The simple browse/upload of new WAR versions and performance monitoring in the AWS console are great features, and the possibility that a single such upload might be able to deploy in several locations at once is also enticing.

A downside is that the "Elastic Beanstalk" service is US-only for now, and I'm well served there further down the east coast. My AWS-hosted mirror only pulls in about 12GB/m traffic, which suggests that there is little value in staying in EB until it is available outside the US.

And in spite of the time lavished on this outpost, I have had difficulty keeping my AWS instance stable. Every once in a while (down to every couple of days now) the AWS monitoring decides that my system is unresponsive and restarts it, clearing my local cache in passing. My code runs fine for months on end on all sorts of hardware, and monitors various parameters such as CPU and memory and bandwidth and time-to-service user requests in order to regulate itself. This seems not to be enough in AWS. For example, the CPU load obtained from the underlying OS is not virtualised to match any sharing of resources, so can be indicating ~10 per cent use when the AWS monitoring is claiming that I'm saturating the machine with 100 per cent utilisation. Very odd ...

If I progress this AWS installation I may have to put in some work to use their APIs to poll system state though that may also be chargeable service.

I have never received an alert email from AWS, even though I had signed up to do so when significant system events happen, but their ra-ra marketing SPAM keeps rolling in.

AWS has been helpful and polite and reasonably quick in responding to me via normal support channels and in forums, but the lack of a bill cap, the instability and the US-only Elastic Beanstalk service are all bad.

Webvisions

I already host in a couple of locations in AsiaPac with Webvisions, but have in the past had to abandon hosting in Singapore and Beijing with them because the traffic was too small to justify the costs. Maybe, with some more cost-effective "cloudy" solution I can spend less money and target more locations, or better justify my current locations ...

Webvisions provides a simple monitoring service which in the first instance sends an email when a server stops responding, but Webvisions follows up with a phone call if need be; I've been impressed by their general level of service.

Webvision's calculator indicates that I'd probably need to spend something like £50/m for a small 1GB/1GHz Linux mirror (their prices are in Singapore dollars):

Virtual Machine 1: $50 Setup

Note that the set-up charge effectively requires a longer-term commitment than the pay-as-you-go AWS and Rackspace models, where if you're not actually using resources you needn't pay anything. You can provision a new server at any time without delay once the account is open.

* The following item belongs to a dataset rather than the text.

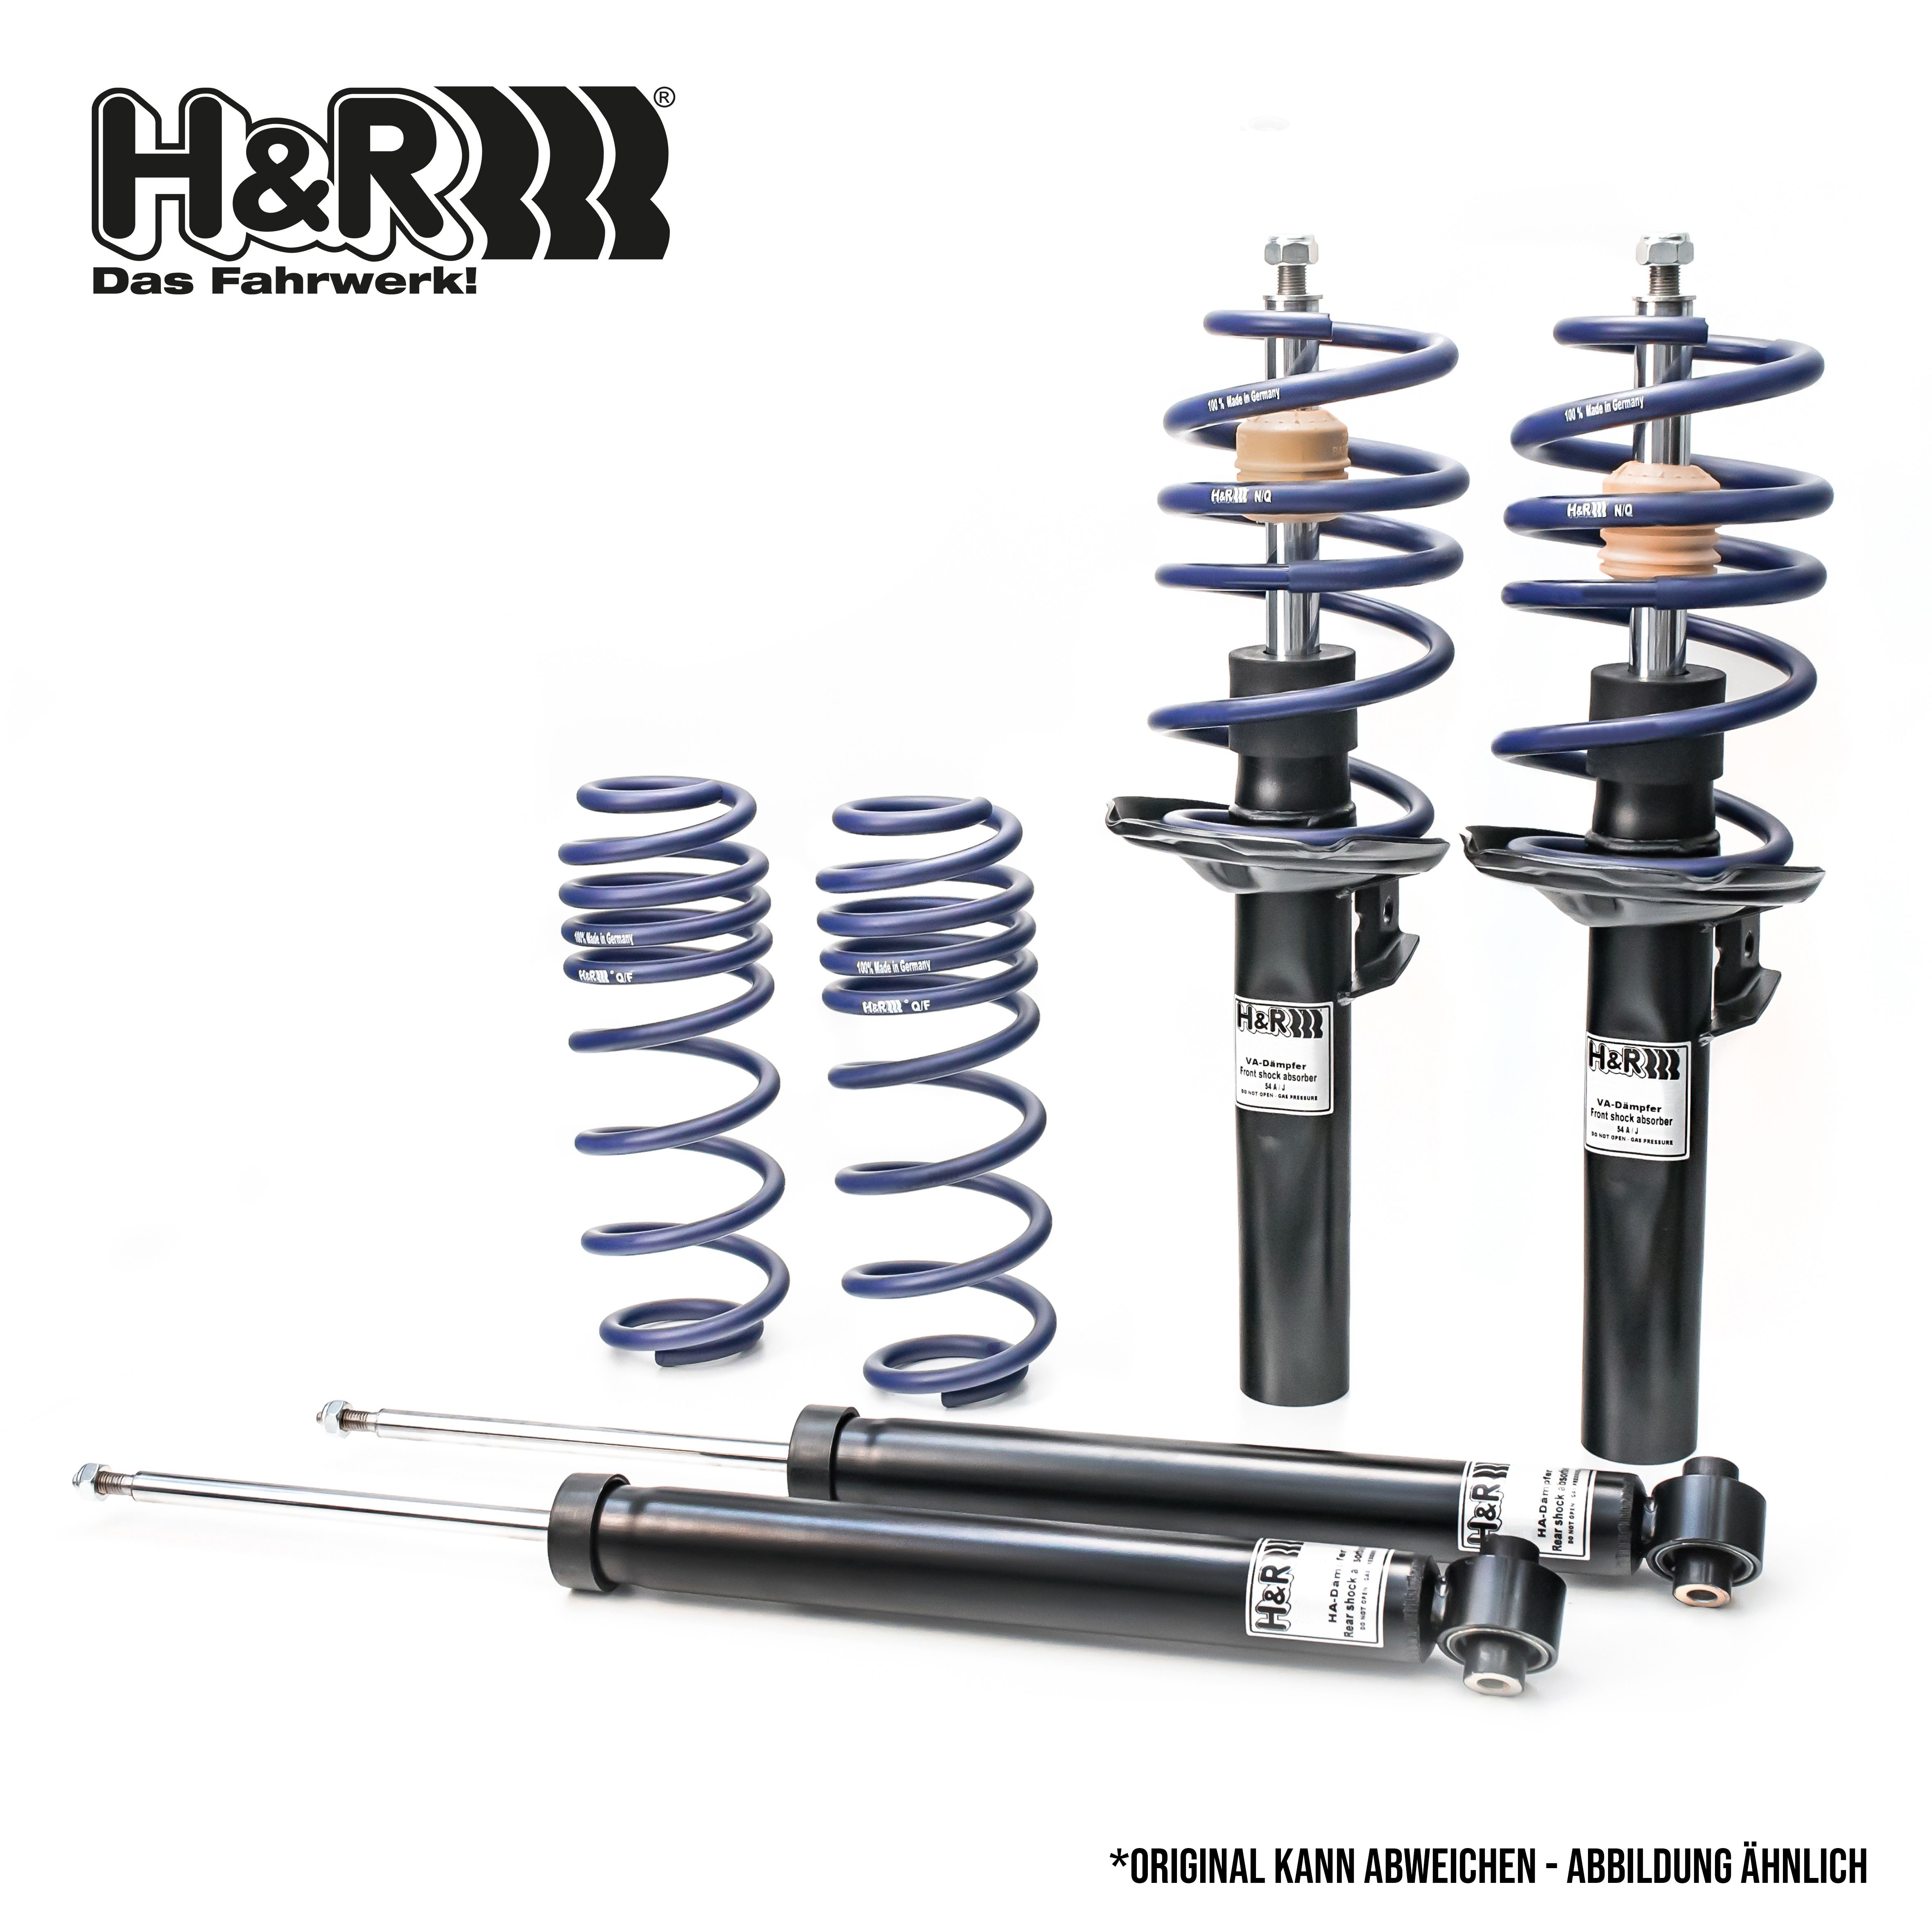 H&R Shock absorber set 40724-2 buy

The demo/trial system set up for me was the next notch up in most dimensions (faster CPU, more RAM, more disc, more bandwidth) and was definitely nippy.

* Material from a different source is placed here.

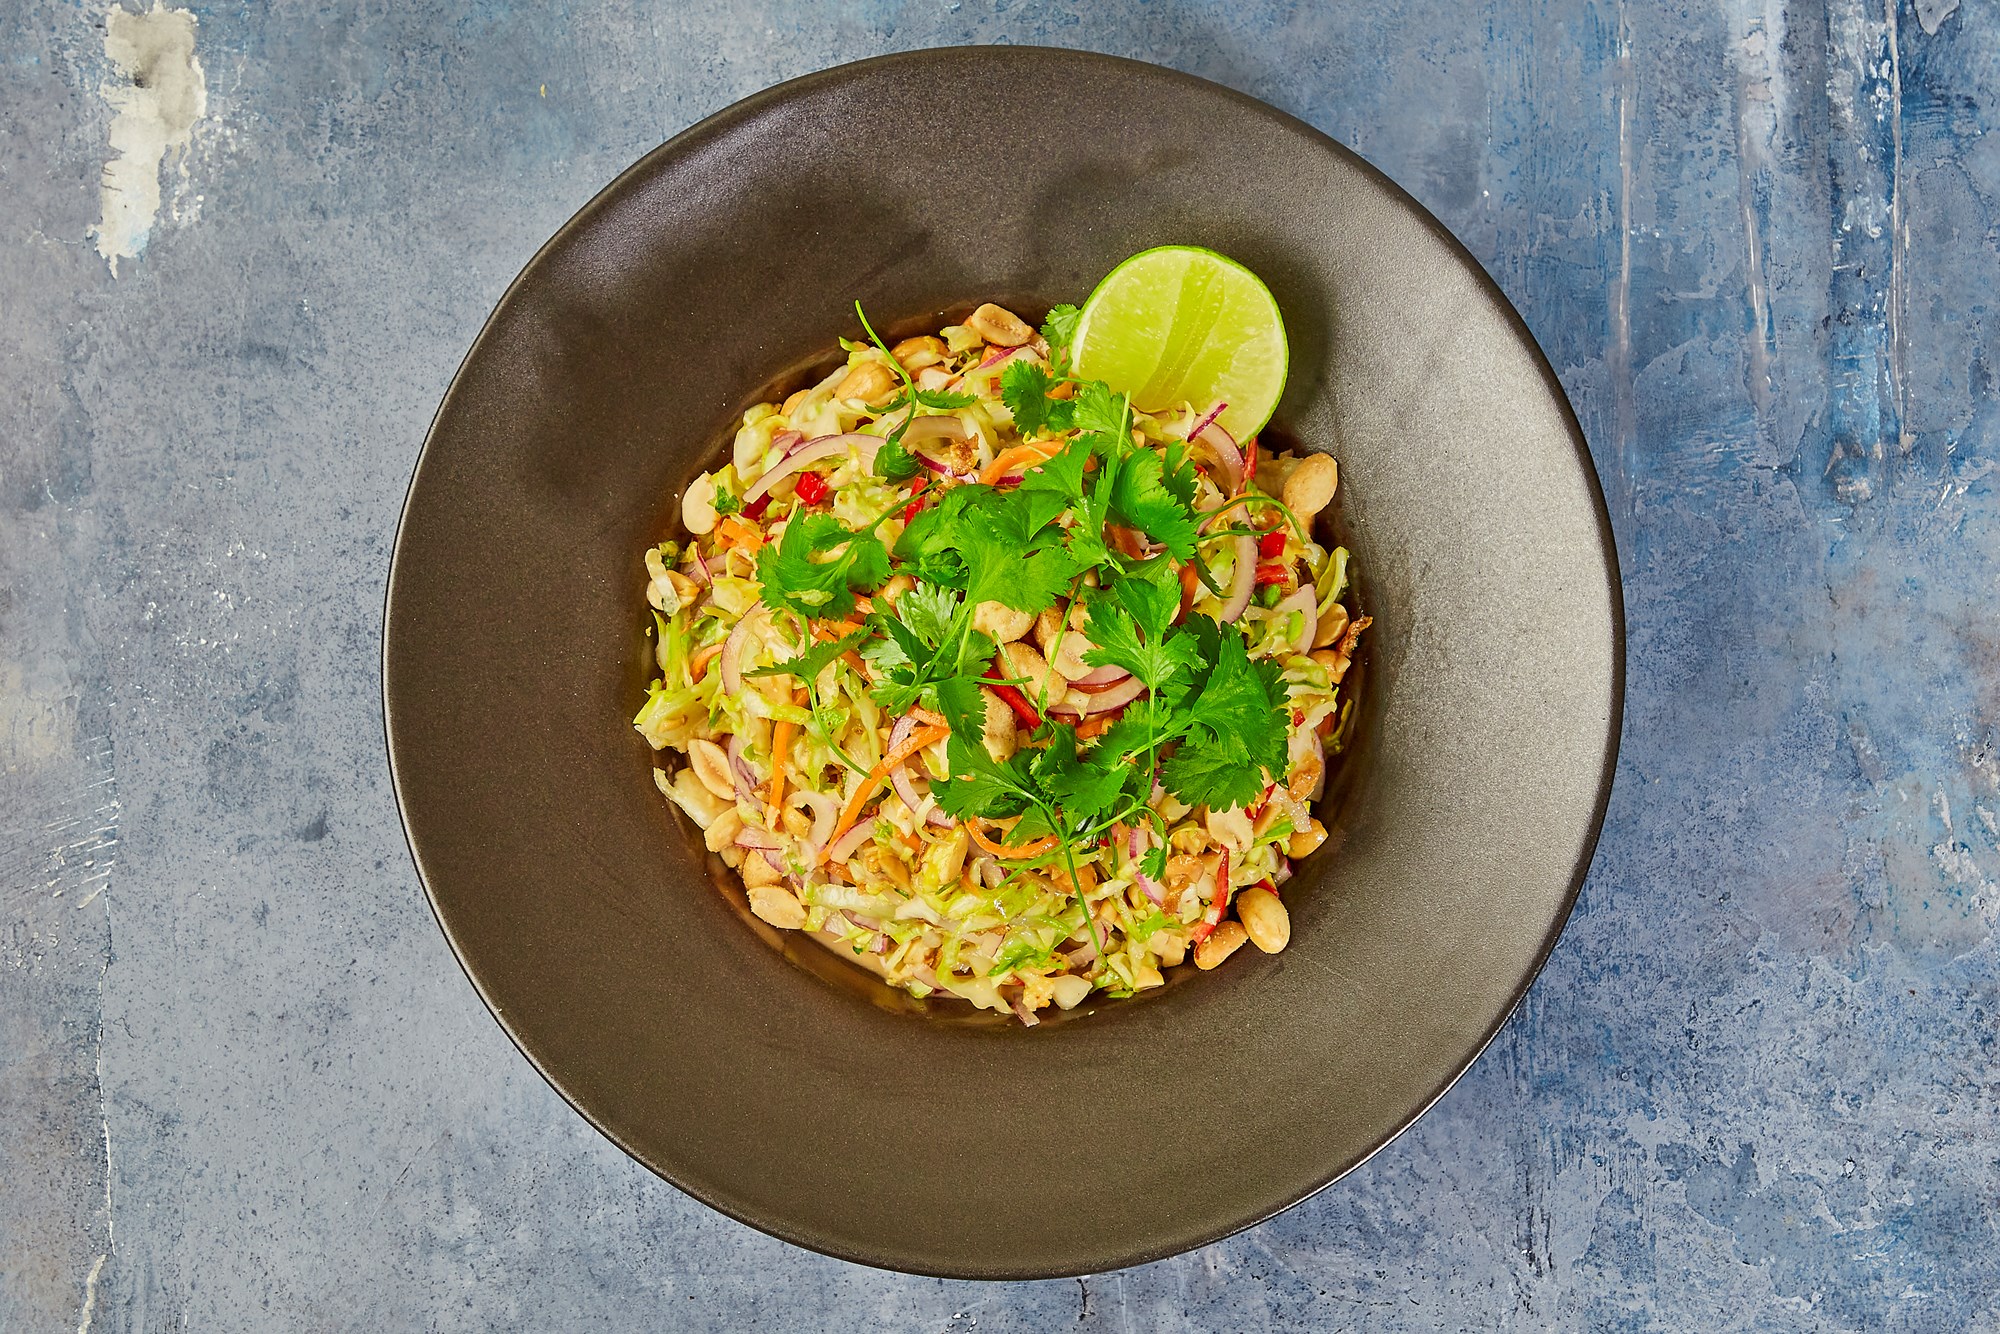 Ovnbagt lange med krydret vietnamesisk kålsalat i chili-peanut dressing

As the Webvisions configuration already includes a Tomcat and JDK, I did not install my own as I usually would, but in any case the setup was quick and essentially the same as usual.

I directly logged in via SSH to do everything I needed, no web console required.

The Webvisions install pulled in the least traffic (10GB/m), as expected, though not bad compared to the AWS instance, and at maybe one-third the cost of a dedicated Webvisions Linux host. The shared bandwidth isn't burstable, but for its low fixed cost I can live with that. This is definitely the most enticing from a business point of view.

Management wishlist

What I'd really like is for one simple operation to update/upgrade several mirrors as opposed to me manually working through error-prone steps manually as root for each location. With four or five servers, my current mechanisms are OK, and I don't always update all mirrors with every new micro-version (indeed I effectively beta-test some stuff on quieter mirrors before rolling out elsewhere), but if I was to continue running the eight servers during this test, or even more, I'd really benefit from a semi-automated approach.

Conclusions

I really could cut costs (and possibly energy/carbon footprint) by two times or more if I switched my mirrors to the services investigated above.

Webvisions is the best so far from a business perspective, and Rackspace (UK) did better than expected, though the Webvisions model is slightly less nimble than the pay-as-you-go and online provisioning of AWS and Rackspace.

In any case I'd expect to keep my mirrors spread across several providers ("cloud-of-cloud" style) as Tim Worstall suggests: to be largely immune to events like the recent AWS downtime at the cost of a little more management complexity for me.

What's next

Offloading to cloud storage, when in environments that support it, should (for example) make my systems more robust across restarts and give better performance to end users.

It may also be worth tweaking my code, especially for AWS, to work well with multiple instances behind a load balancer on a single URL. That might at least mask some of the instability issues I was seeing with AWS. ®